Como toda persona que pasó su infancia en un hogar de clase media de Latinoamérica, con la TV por cable como última innovación, yo también fui un niño Cartoon Network. Pese a los excesivos límites paternales sobre las horas de exposición a la pantalla —y a la competencia por el control remoto con tres hermanas mayores—, me encargaba de mirar todo lo que pudiera.

Desde la Liga de la Justicia —una fantasía policial con capa— hasta Scooby Doo —básicamente una gira de LSD en van—pasando por los Autos Locos. Pero, de todos los dibujitos, había uno que me fascinaba particularmente: Los Supersónicos. Un futuro de naves, robots domésticos y ciudades flotantes; un paraíso limpio y automático. Así fui entendiendo que cada caricatura tenía una ideología. Porque sí, mis queridos amigos: los dibujos animados también son políticos. Y si no me creen, pregúntenle al petróleo.

En octubre de 1973, tras la guerra de Yom Kipur, los países árabes miembros de la OPEP decidieron reducir la producción de petróleo y embargar el suministro a Estados Unidos y a otros países que apoyaban a Israel. Resultado: el precio del barril se cuadruplicó. En EE.UU. se vivieron escenas impensadas: filas interminables en estaciones de servicio, restricciones de consumo, apagones y un shock cultural que mató algo más que el motor V8.

Hasta entonces, el futuro en la cultura se imaginaba como un parque de diversiones con cohetes. Después, se empezó a escribir distinto: distopías, decadencia, escasez, guerras, apocalipsis. Películas como Mad Max, Blade Runner y Soylent Green se volvieron el nuevo lenguaje visual de lo que vendría. Pasamos de imaginar autos voladores a sobrevivir con lo que haya.

Y ahí es donde los Supersónicos cobraron un nuevo sentido: fueron la última gran expresión artística y cultural de un futuro optimista, antes de que el mundo se incendiara en guerras por combustible. Un poco más adulto, cuando supe esto, algo se me rompió adentro.
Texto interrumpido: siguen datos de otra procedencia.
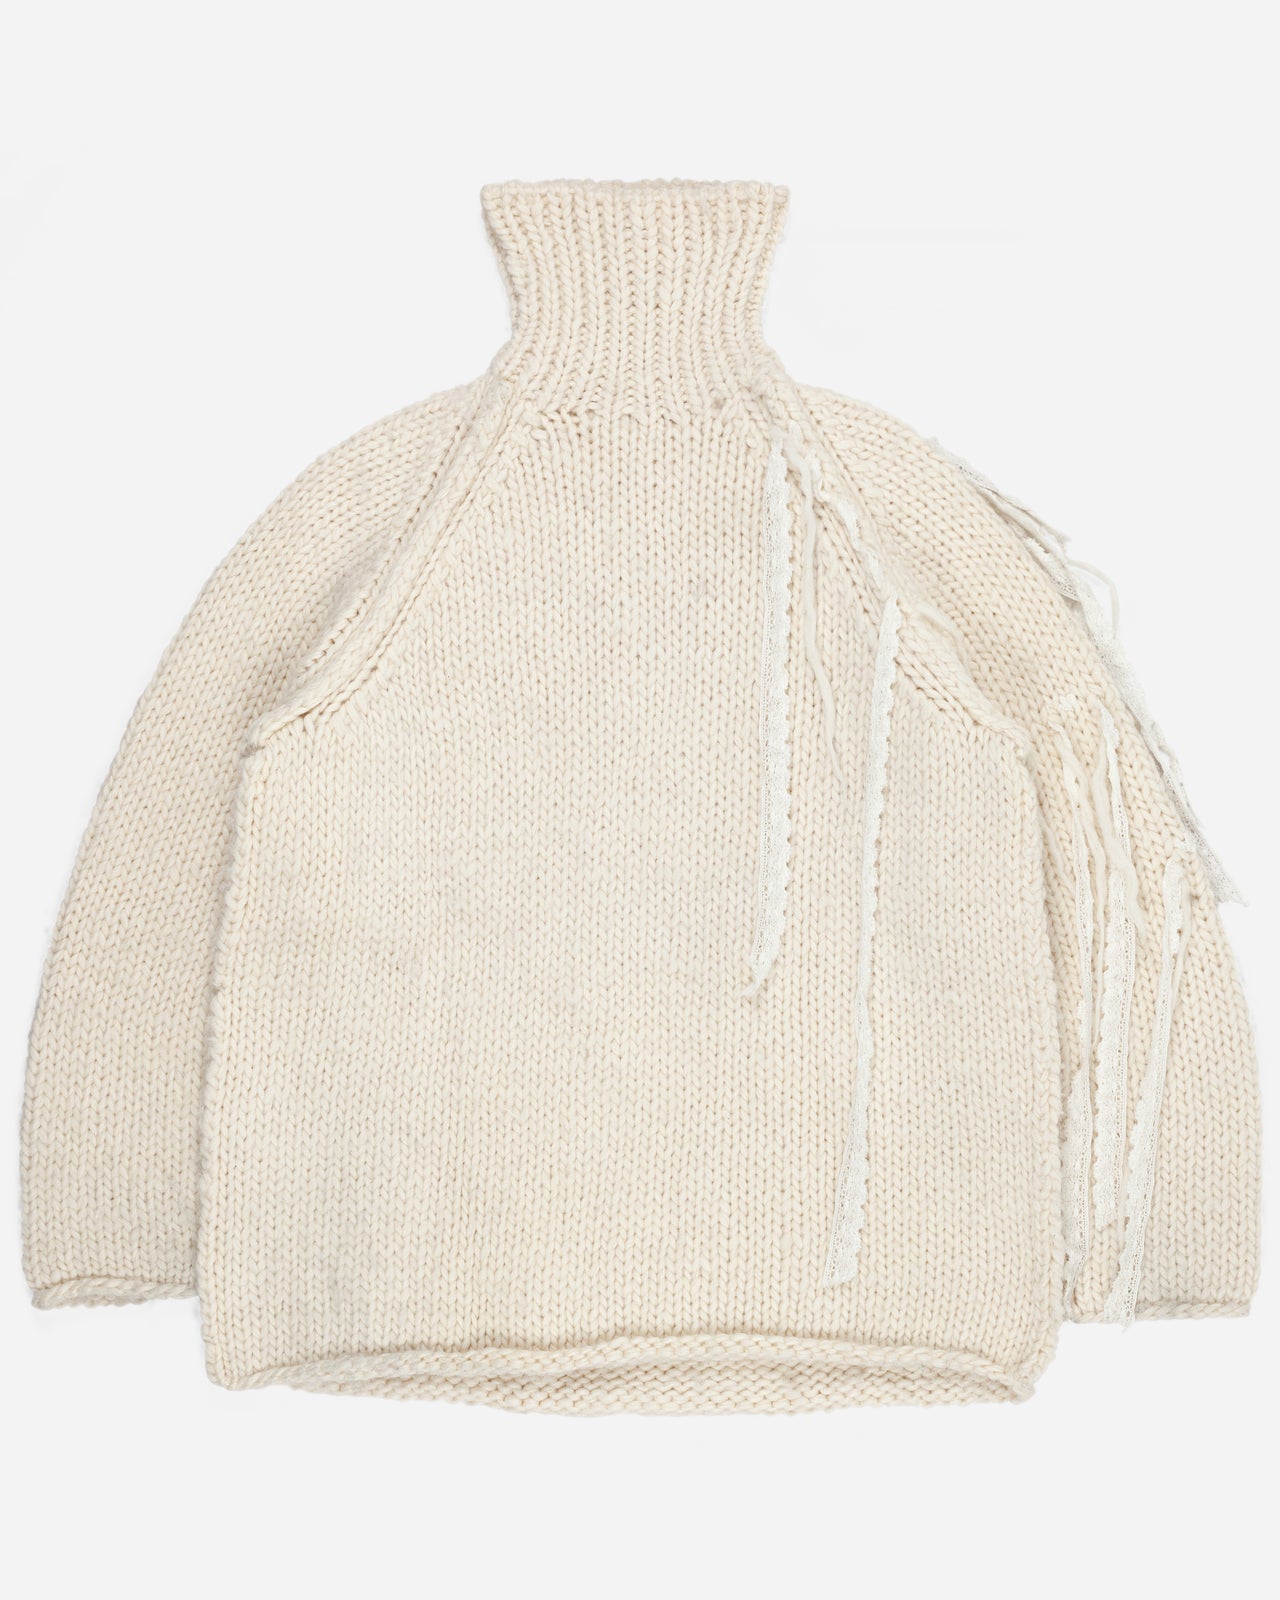 Yohji Yamamoto Pour Homme "Sample" Lace Turtleneck Sweater - AW94
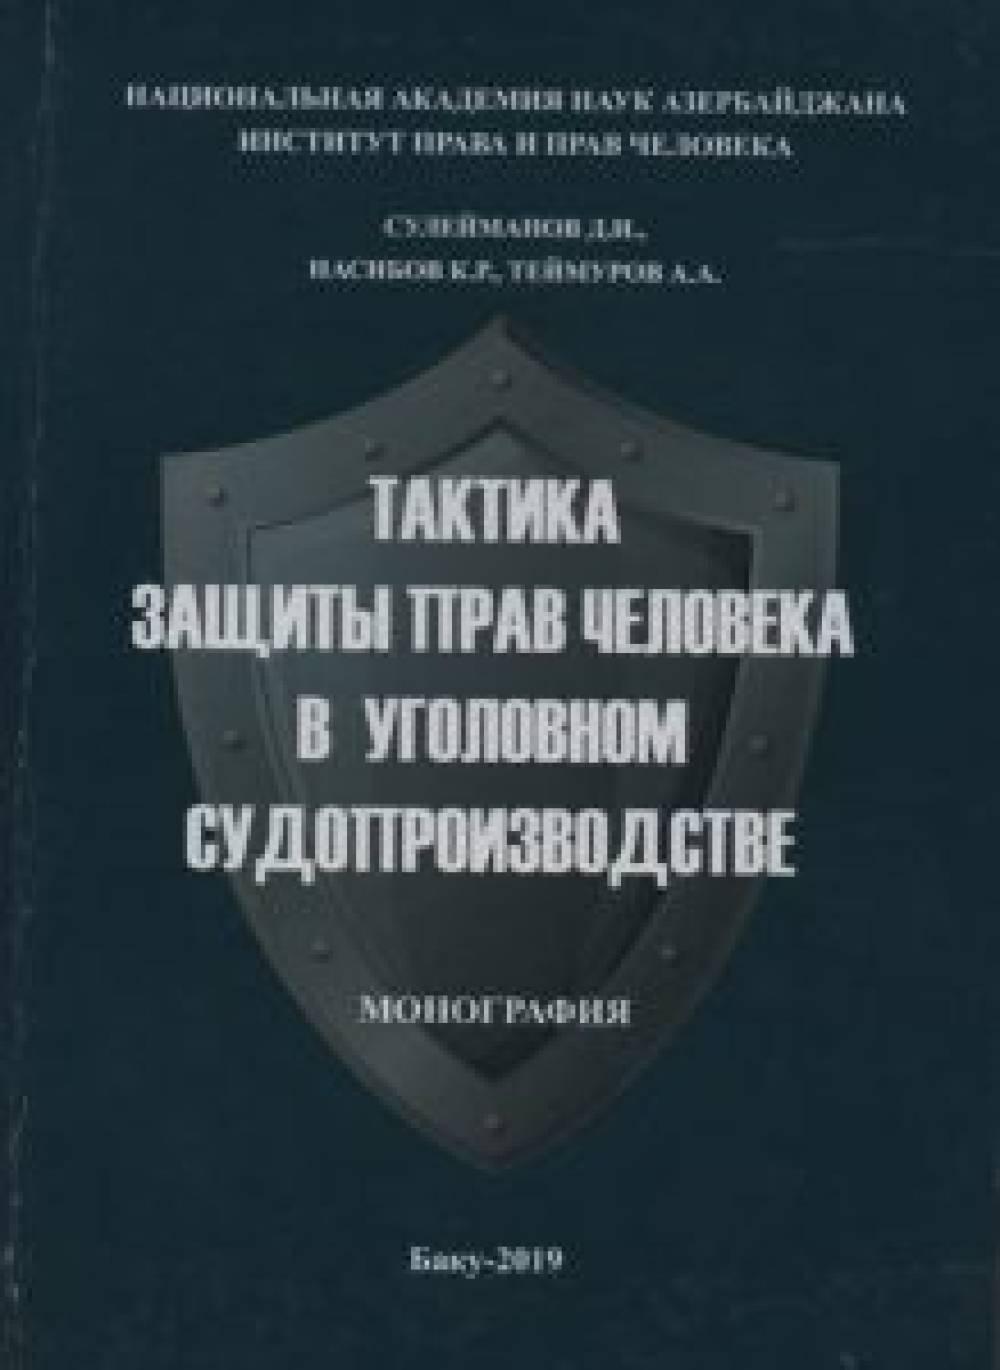 SULEYMANOV C.I; NASIBOV K.R: TEYMUROV A.A. HUMAN RIGHTS PROTECTION TACTICS IN CRIMINAL LEGAL PROCEEDINGS (MONOGRAPHY)

No tanto por la nostalgia, sino por el cinismo: ¿en qué momento dejamos de imaginar un mañana mejor y empezamos a diseñar distopías por defecto? Hoy, si alguien se atreve a poner una ciudad flotante en una serie, seguro es porque hay un apocalipsis nuclear abajo.

Así que no me vengan con que “los dibujitos no son políticos”. El mundo se refleja en la cultura, y la cultura se cuela en todo lo que producimos, sea arte o no. Los Supersónicos eran una utopía que colapsó cuando el barril de crudo se volvió más importante que la imaginación. Desde entonces, acá seguimos: consumiendo y creando ficciones que nos entrenan para sobrevivir con lo que quede, no para soñar futuros más amables.